#### Work item
Give the data again exactly, stopping after the "After 25 years, GoldenEye" line.

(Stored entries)
···

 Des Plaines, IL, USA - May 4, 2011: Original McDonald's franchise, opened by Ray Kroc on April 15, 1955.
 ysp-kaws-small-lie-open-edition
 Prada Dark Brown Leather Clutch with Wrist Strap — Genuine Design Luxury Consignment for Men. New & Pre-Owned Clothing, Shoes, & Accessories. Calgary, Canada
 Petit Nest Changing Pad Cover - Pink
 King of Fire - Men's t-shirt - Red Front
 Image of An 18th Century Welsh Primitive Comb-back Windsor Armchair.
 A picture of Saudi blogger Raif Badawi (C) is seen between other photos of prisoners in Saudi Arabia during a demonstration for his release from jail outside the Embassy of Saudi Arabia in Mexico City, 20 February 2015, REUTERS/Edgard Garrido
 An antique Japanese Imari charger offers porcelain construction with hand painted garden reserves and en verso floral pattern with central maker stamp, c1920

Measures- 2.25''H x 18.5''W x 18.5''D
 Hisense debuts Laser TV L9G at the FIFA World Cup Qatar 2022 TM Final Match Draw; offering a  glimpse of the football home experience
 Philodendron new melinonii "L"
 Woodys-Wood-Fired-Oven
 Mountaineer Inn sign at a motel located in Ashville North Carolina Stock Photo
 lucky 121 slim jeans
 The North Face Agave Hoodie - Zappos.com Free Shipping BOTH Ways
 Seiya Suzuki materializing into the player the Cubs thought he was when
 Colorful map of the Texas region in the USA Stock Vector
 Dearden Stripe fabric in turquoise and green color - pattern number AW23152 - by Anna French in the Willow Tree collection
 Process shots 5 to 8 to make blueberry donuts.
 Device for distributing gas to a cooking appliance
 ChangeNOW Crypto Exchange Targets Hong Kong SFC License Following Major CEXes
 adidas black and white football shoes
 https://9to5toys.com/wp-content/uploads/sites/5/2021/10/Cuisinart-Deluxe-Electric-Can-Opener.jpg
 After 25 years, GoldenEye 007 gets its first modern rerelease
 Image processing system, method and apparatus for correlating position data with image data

···

#### Your response
 Des Plaines, IL, USA - May 4, 2011: Original McDonald's franchise, opened by Ray Kroc on April 15, 1955.
 ysp-kaws-small-lie-open-edition
 Prada Dark Brown Leather Clutch with Wrist Strap — Genuine Design Luxury Consignment for Men. New & Pre-Owned Clothing, Shoes, & Accessories. Calgary, Canada
 Petit Nest Changing Pad Cover - Pink
 King of Fire - Men's t-shirt - Red Front
 Image of An 18th Century Welsh Primitive Comb-back Windsor Armchair.
 A picture of Saudi blogger Raif Badawi (C) is seen between other photos of prisoners in Saudi Arabia during a demonstration for his release from jail outside the Embassy of Saudi Arabia in Mexico City, 20 February 2015, REUTERS/Edgard Garrido
 An antique Japanese Imari charger offers porcelain construction with hand painted garden reserves and en verso floral pattern with central maker stamp, c1920

Measures- 2.25''H x 18.5''W x 18.5''D
 Hisense debuts Laser TV L9G at the FIFA World Cup Qatar 2022 TM Final Match Draw; offering a  glimpse of the football home experience
 Philodendron new melinonii "L"
 Woodys-Wood-Fired-Oven
 Mountaineer Inn sign at a motel located in Ashville North Carolina Stock Photo
 lucky 121 slim jeans
 The North Face Agave Hoodie - Zappos.com Free Shipping BOTH Ways
 Seiya Suzuki materializing into the player the Cubs thought he was when
 Colorful map of the Texas region in the USA Stock Vector
 Dearden Stripe fabric in turquoise and green color - pattern number AW23152 - by Anna French in the Willow Tree collection
 Process shots 5 to 8 to make blueberry donuts.
 Device for distributing gas to a cooking appliance
 ChangeNOW Crypto Exchange Targets Hong Kong SFC License Following Major CEXes
 adidas black and white football shoes
 https://9to5toys.com/wp-content/uploads/sites/5/2021/10/Cuisinart-Deluxe-Electric-Can-Opener.jpg
 After 25 years, GoldenEye 007 gets its first modern rerelease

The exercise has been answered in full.